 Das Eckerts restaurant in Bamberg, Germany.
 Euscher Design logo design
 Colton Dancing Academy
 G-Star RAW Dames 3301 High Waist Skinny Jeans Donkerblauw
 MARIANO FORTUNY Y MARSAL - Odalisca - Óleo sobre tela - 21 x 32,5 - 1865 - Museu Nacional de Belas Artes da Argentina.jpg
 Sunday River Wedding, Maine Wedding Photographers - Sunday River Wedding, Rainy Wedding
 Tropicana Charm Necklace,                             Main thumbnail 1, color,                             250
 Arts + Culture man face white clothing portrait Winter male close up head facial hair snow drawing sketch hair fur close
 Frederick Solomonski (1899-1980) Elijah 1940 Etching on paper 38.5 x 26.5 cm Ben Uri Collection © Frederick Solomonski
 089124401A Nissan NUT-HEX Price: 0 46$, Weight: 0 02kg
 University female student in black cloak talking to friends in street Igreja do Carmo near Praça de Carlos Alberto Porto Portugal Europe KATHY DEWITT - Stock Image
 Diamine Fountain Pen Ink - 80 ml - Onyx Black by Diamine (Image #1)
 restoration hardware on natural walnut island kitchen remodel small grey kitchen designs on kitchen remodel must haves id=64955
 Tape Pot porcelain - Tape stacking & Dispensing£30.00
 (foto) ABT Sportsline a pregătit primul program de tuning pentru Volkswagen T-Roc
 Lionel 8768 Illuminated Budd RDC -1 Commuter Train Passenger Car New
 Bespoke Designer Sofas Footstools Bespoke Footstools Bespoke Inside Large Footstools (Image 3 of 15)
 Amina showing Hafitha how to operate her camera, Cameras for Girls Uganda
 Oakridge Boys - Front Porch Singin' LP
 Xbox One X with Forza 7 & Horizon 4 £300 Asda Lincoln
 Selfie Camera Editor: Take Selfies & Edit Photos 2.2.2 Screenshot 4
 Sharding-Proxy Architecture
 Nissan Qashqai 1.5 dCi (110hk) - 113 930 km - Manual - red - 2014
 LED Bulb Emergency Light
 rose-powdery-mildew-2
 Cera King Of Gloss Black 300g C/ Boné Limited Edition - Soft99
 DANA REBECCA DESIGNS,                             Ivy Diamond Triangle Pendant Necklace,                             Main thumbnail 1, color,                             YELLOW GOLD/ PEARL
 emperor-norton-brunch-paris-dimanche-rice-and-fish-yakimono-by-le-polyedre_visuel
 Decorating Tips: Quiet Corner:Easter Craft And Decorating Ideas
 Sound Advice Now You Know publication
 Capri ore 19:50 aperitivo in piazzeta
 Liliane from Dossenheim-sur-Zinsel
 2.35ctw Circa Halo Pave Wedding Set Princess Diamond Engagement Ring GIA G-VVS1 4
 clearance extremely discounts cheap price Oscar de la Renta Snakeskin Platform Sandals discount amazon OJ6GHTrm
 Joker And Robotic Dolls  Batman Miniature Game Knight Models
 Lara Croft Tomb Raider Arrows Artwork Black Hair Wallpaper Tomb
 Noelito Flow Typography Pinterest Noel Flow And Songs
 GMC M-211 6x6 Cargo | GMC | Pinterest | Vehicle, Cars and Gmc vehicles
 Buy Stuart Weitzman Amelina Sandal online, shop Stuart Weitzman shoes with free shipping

------------------------------

What you are asked to do
In the entries, find every line holding "with" and copy it.

The completed task
 Xbox One X with Forza 7 & Horizon 4 £300 Asda Lincoln
 Buy Stuart Weitzman Amelina Sandal online, shop Stuart Weitzman shoes with free shipping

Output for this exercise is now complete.